3. Lorsqu’on s’investit dans un projet du genre, à quoi on peu s’attendre en tant qu’initiateur de meilleur ou de pire?
Mes ambitions restent modestes ! Je pense que le meilleur serait de pouvoir produire au moins un artiste pour un album grâce au studio. Mais ce qui me tient surtout à coeur, c’est les conditions dans lesquelles on pourra le faire. En prenant du temps, en réfléchissant à ce qu’on souhaite faire, en ayant une réelle direction artistique… et en formant simultanément des techniciens qui pourraient devenir autonome dans l’avenir. Pour le pire, je pense que ce serait que le projet ne trouve pas son financement. Mais une fois cette étape passée, je pense que le studio trouvera rapidement son utilité. Il est d’ailleurs déjà attendu avec beaucoup d’impatience !
4. Vous serez bientôt une future conakryka car vous avez décidé de passer trois (03) mois sur le terrain (Conakry) pour défendre ce projet, quelles sont vos stratégies pour recueillir le financement nécessaire ?
Finalement, je ne me pose plus de limites quant à ma présence à Conakry. Je resterais le temps qu’il faudra pour réaliser les projets qui trouveront leurs routes et leurs financements.

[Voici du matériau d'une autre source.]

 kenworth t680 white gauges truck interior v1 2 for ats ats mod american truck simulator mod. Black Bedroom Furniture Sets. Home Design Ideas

Pour le studio mobile, j’ai commencé par lancer un appel à participation sur le site Ulule. Ca m’a permis de donner un cadre au projet et un système de réception des fonds qui est transparent. En parallèle, je cherche des mécènes qui voudraient bien investir en France comme en Guinée.
5. Pourquoi insistez-vous sur la mobilité du studio dans ce projet ?

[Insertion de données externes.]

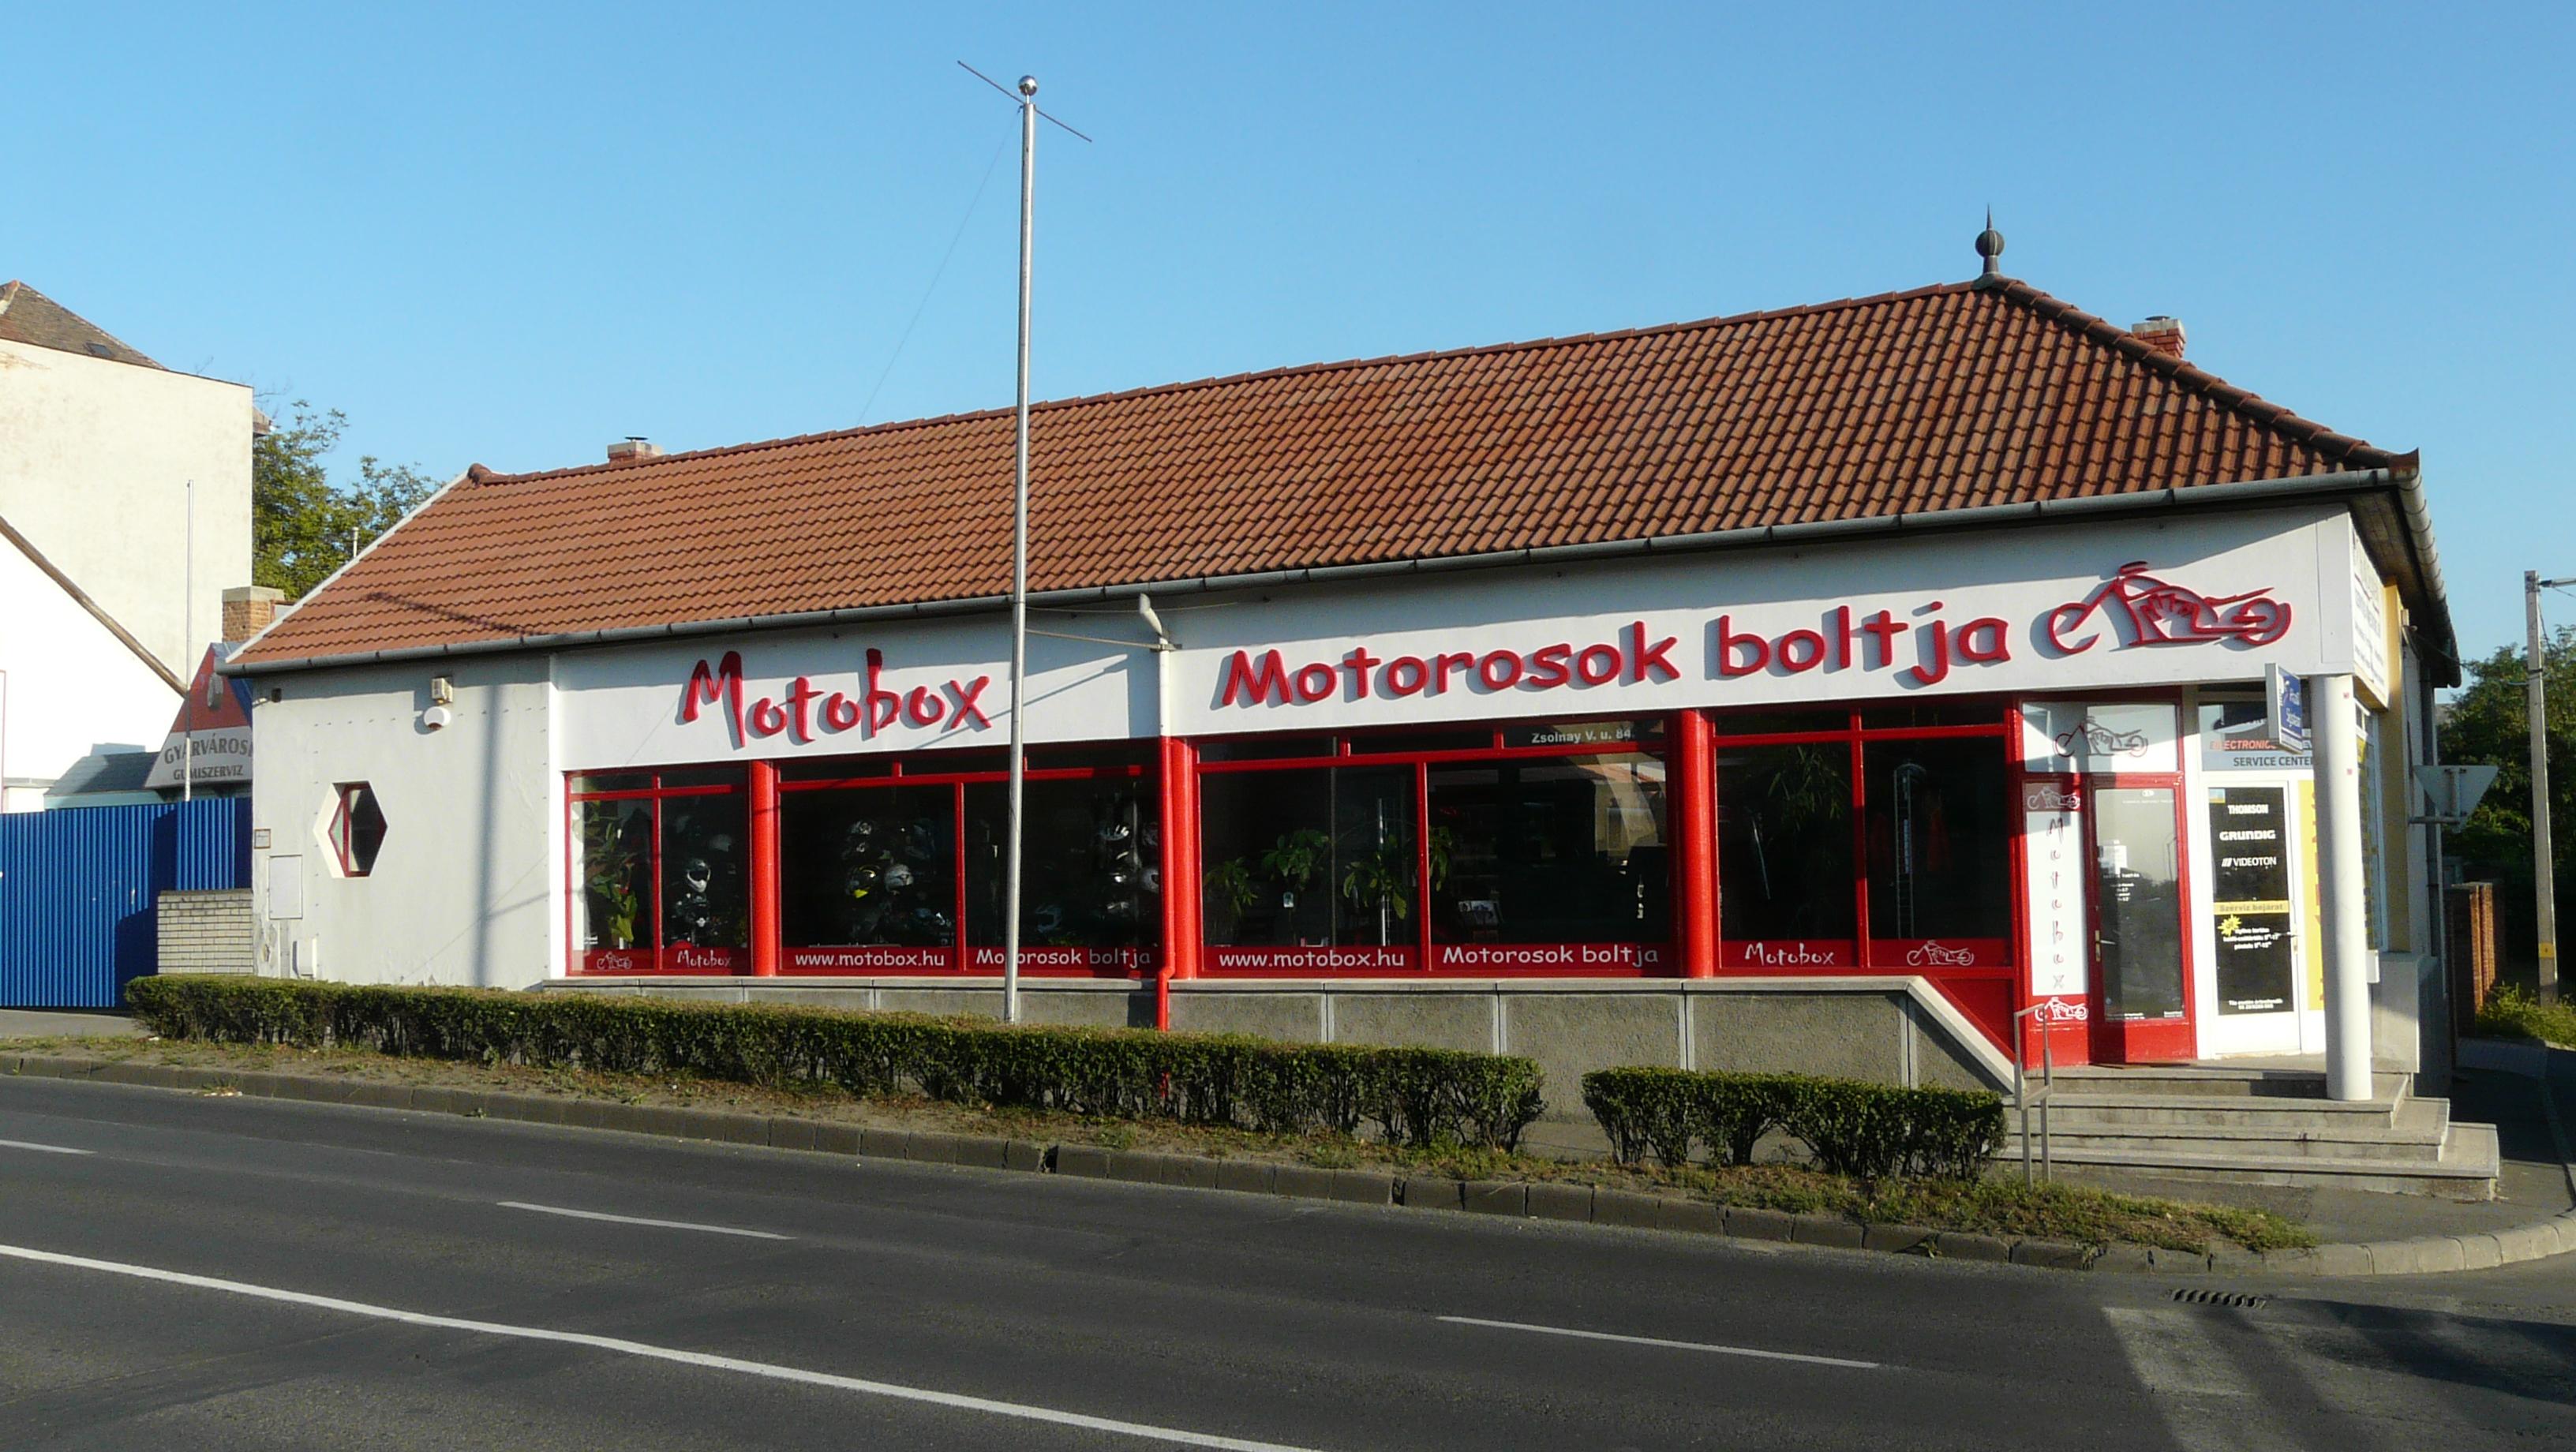 Motobox Motorosok boltja

Plusieurs facteurs ont pesé dans la balance. Mais le principal reste que sous cette forme le projet ne nécessite pas d’investissement sur des frais fixes. Pas de loyer à payer, de mobilier… S’engager sur un projet qui nécessiterait immédiatement des fonds pour son fonctionnement même avant d’avoir démarrer n’est pas une solution qui me semble adéquate. Puis à Conakry, le fonctionnement de l’immobilier étant ce qu’il est, je ne préfère même pas m’engager sur ce terrain. Ici, des studios classiques et de qualité existent déjà. Ils sont chers mais ils sont là !
Ce que j’imagine c’est plutôt un studio autonome, nomade avec du matériel léger mais de qualité. Je ne parierai pas sur le même projet avec un orchestre symphonique qui nécessiterait des prises de sons plus complexes mais sur du rap, on peut rester sur un esprit débrouillards et street !
6. Vous œuvrez depuis plus de 10 ans avec votre structure the B-SIDE, basée à Marseille (France) à la transmission de la culture Hip Hop, « Riche de sens, porteuse de liens sociaux, de rêves et d’imaginaire », selon vous. Ces valeurs sont ils importantes pour vous dans cette culture urbaine et implicitement pour ce projet ?
Elles restent essentielles ! En tout cas, c’est ce qui me motive chaque jour pour continuer à m’investir…
Je suis persuadée que nous devons toujours garder dans un coin de notre tête les raisons qui ont poussé à l’émergence du mouvement : le besoin de s’exprimer et d’exister. C’est bien plus qu’un simple mouvement musical. C’est un vrai mode de vie ! Le Hip Hop est un mouvement de création artistique et de conscience sociale.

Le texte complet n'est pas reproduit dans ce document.